Automatic1111’s Stable Diffusion WebUI now works with Intel GPU hardware, thanks to the integration of Intel’s OpenVINO toolkit that takes AI models and optimizes them to run on Intel hardware. We’ve re-tested the latest release of Stable Diffusion to see how much faster Intel’s GPUs are compared to our previous results, with gains of 40 to 55 percent.
Stable Diffusion (that currently has our previous testing, though we’re working on updating the results) is a deep-learning AI model used to generate images from text descriptions. What makes Stable Diffusion special is its ability to run on local consumer hardware. The AI community has plenty of projects out there, with Stable Diffusion WebUI being the most popular. It provides a browser interface that’s easy to use and experiment with.
After months of work in the background (we’ve been hearing rumblings of this for a while now), the latest updates are now available for Intel Arc owners and provide a substantial boost to performance.
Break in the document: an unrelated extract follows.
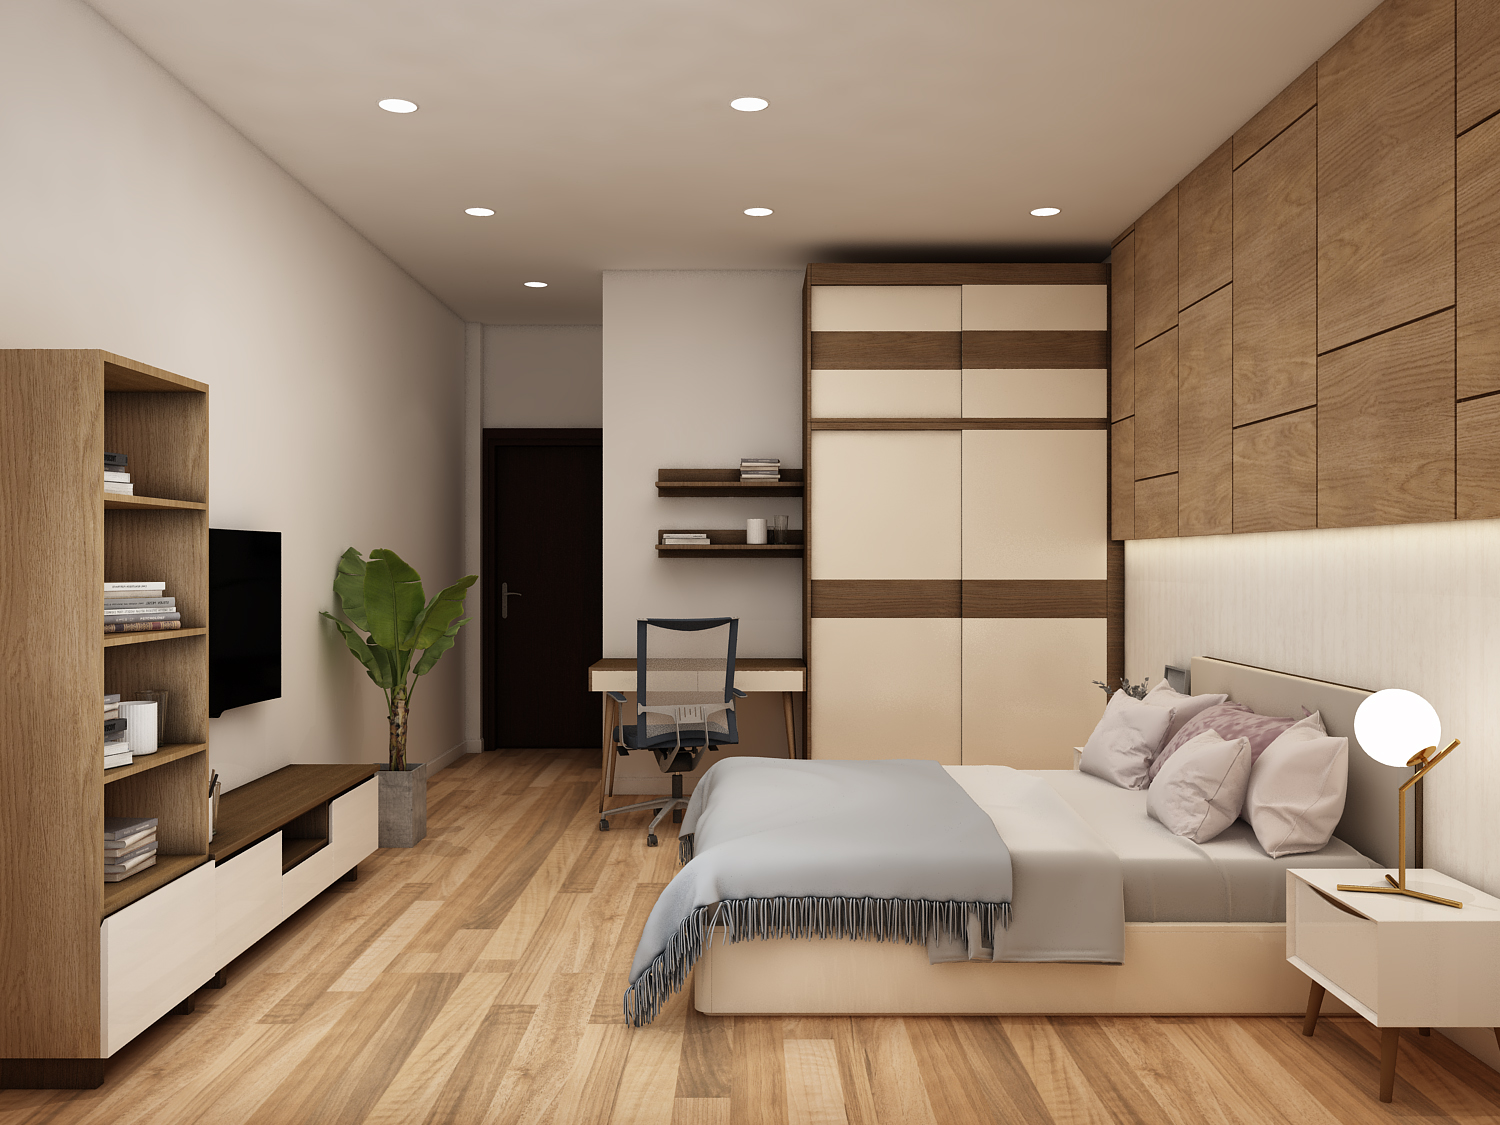 Nội thất phòng ngủ: Tạo không gian nghỉ ngơi thoải mái và ấm cúng

Check out the Stable Diffusion A1111 webui for Intel Silicon. Works with my A770 or can run on your CPU or iGPU. It’s powered by OpenVINO, so its optimized.😃Example of image on the right, pure prompting. Left is same image with increase detail on the eyes using InPainting.… pic.twitter.com/zpbQOMvJF3August 17, 2023
Here are the results of our previous and updated testing of Stable Diffusion. We used a slightly tweaked Stable Diffusion OpenVINO for our previous testing, and have retested with the fork of Automatic1111 webui with OpenVINO. We also retested several of AMD’s GPUs with a newer build of Nod.ai’s Shark-based Stable Diffusion. The Nvidia results haven’t been updated, though we’ll look at retesting with the latest version in the near future (and update the main Stable Diffusion benchmarks article when we’re finished).
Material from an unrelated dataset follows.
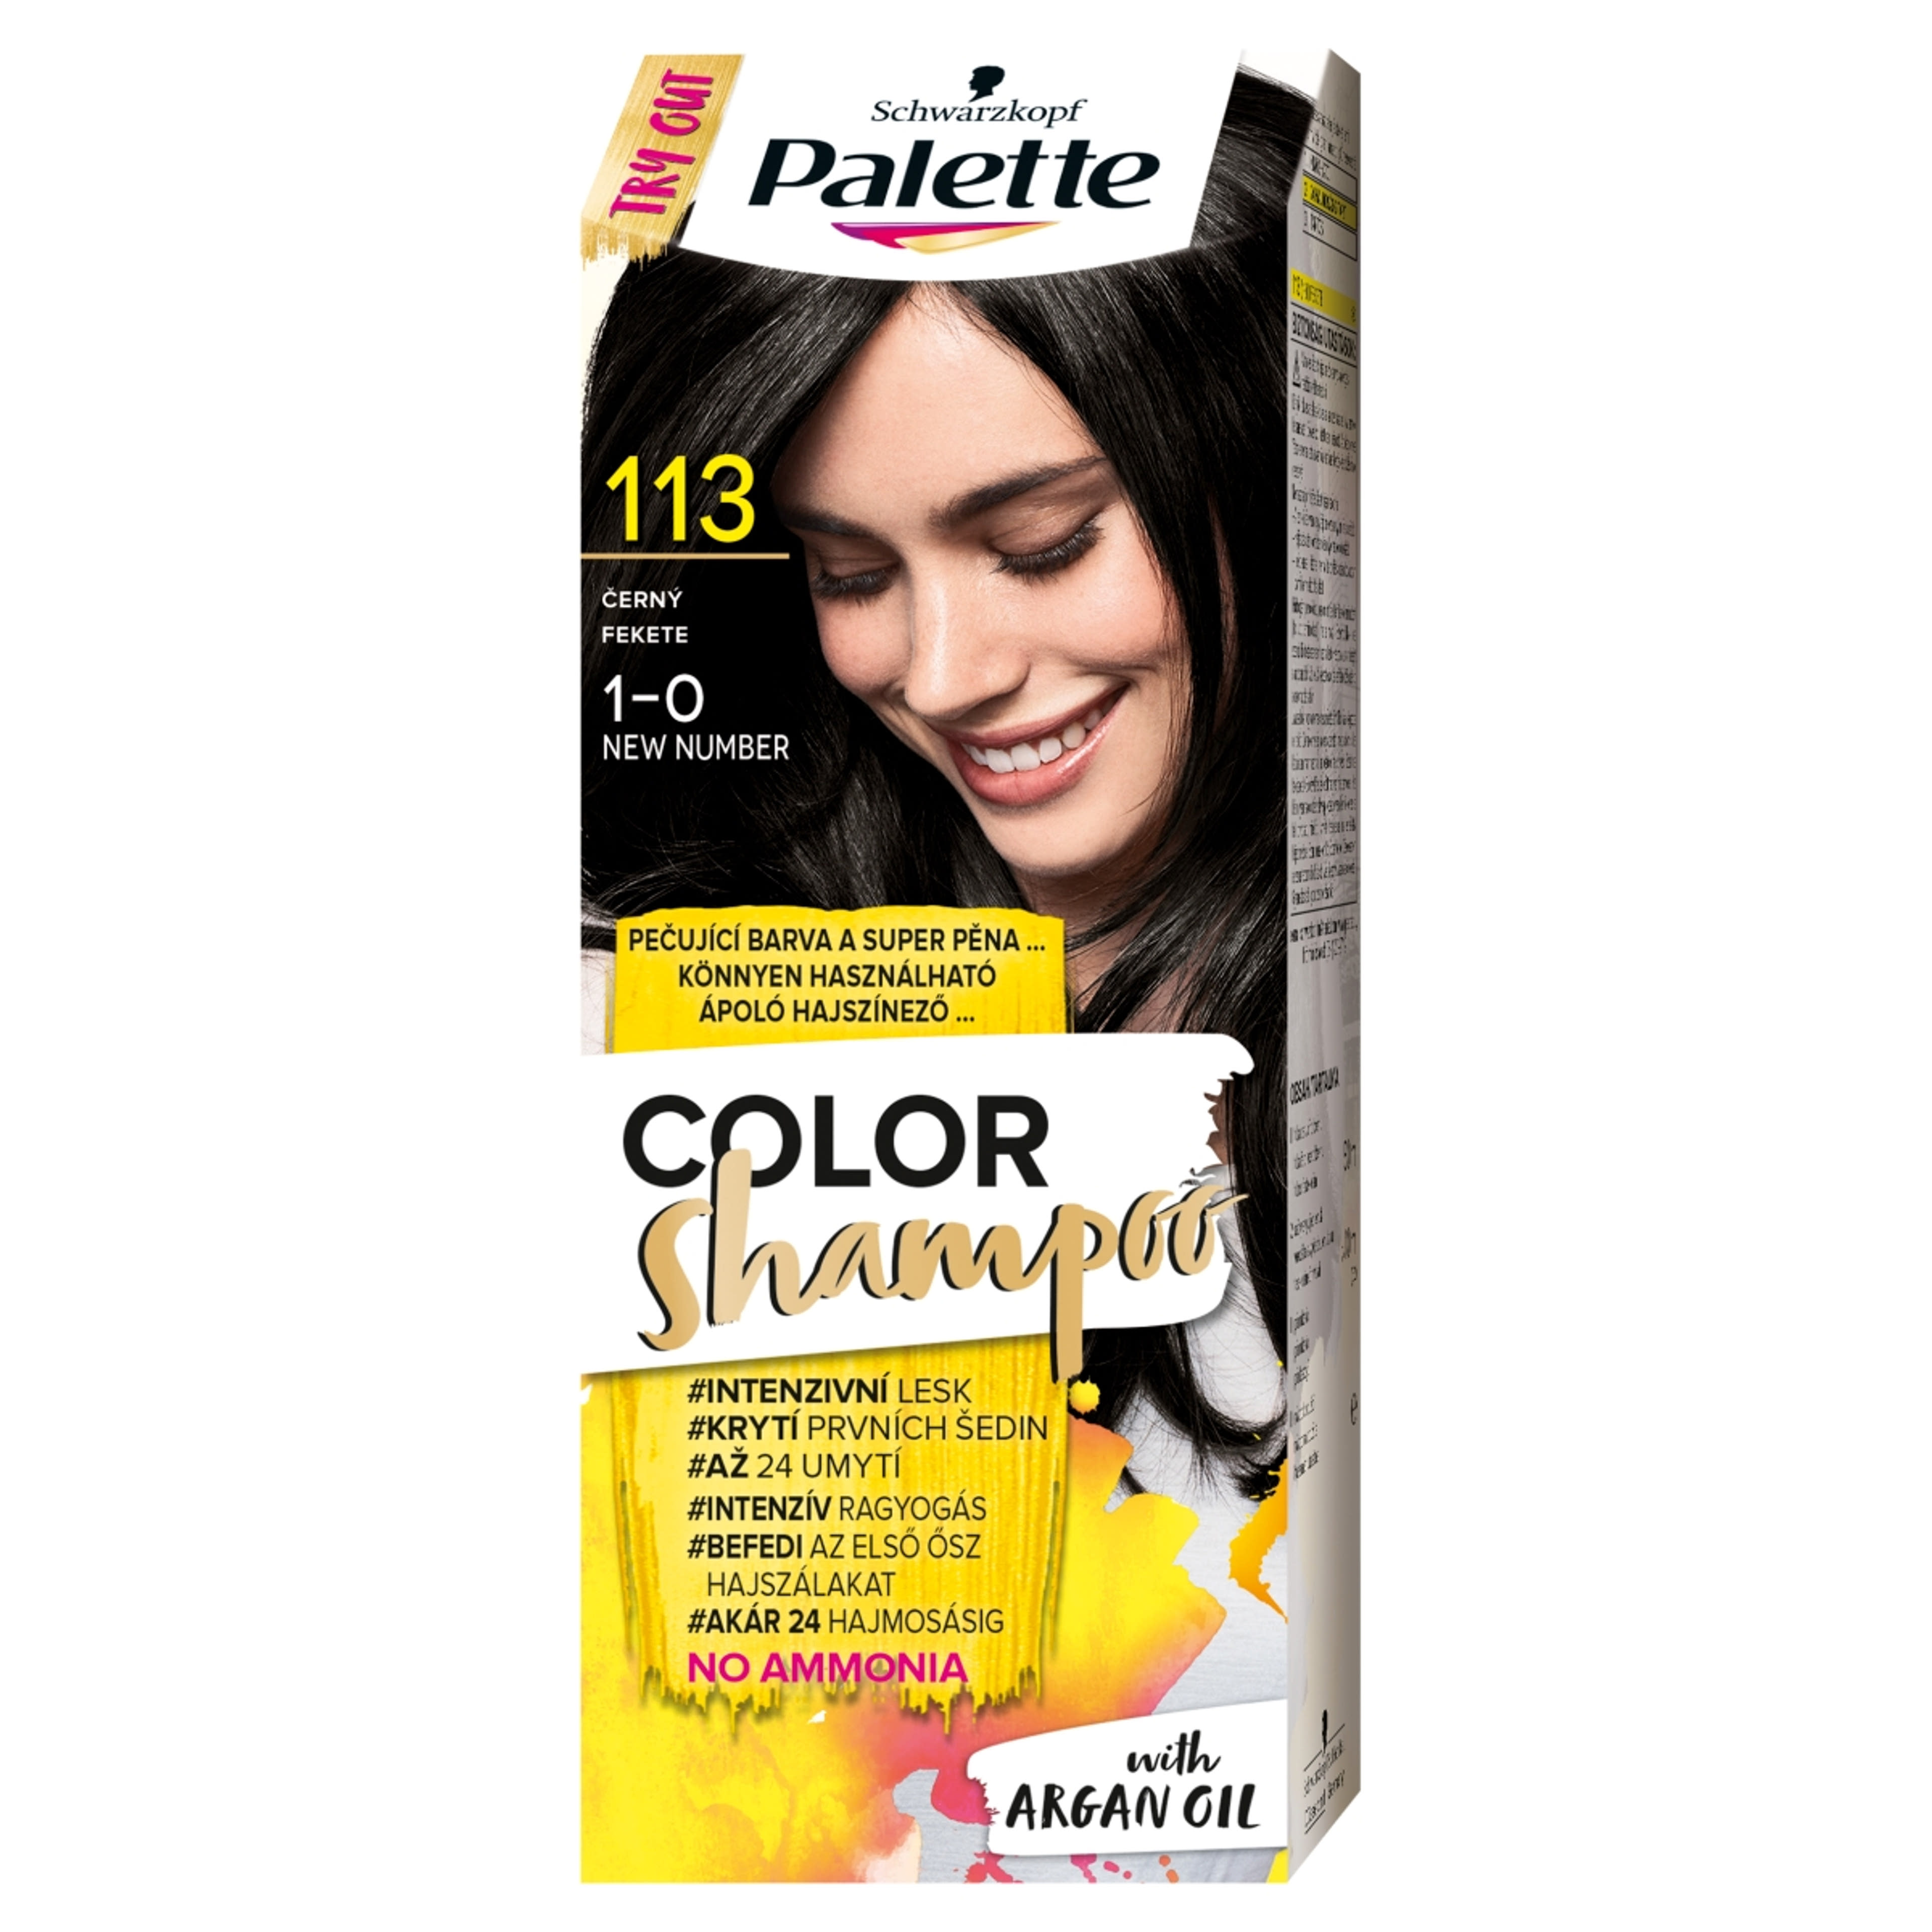 Schwarzkopf Palette Color Shampoo hajfesték 113 fekete - 1 db-1

We should note that we also changed our prompt, which makes the new results generally more demanding. (The new prompt is “messy room,” which tends to have a lot of tiny details in the images that require more effort for the AI to generate.) There’s variation between runs, and there are caveats that apply specifically to Arc right now, but here are the before/after results.
The Intel ARC and AMD GPUs all show improved performance, with most delivering significant gains. The Arc A770 16GB (Limited Edition, which is now discontinued) improved by 54%, while the A750 improved by 40% in the same scenario.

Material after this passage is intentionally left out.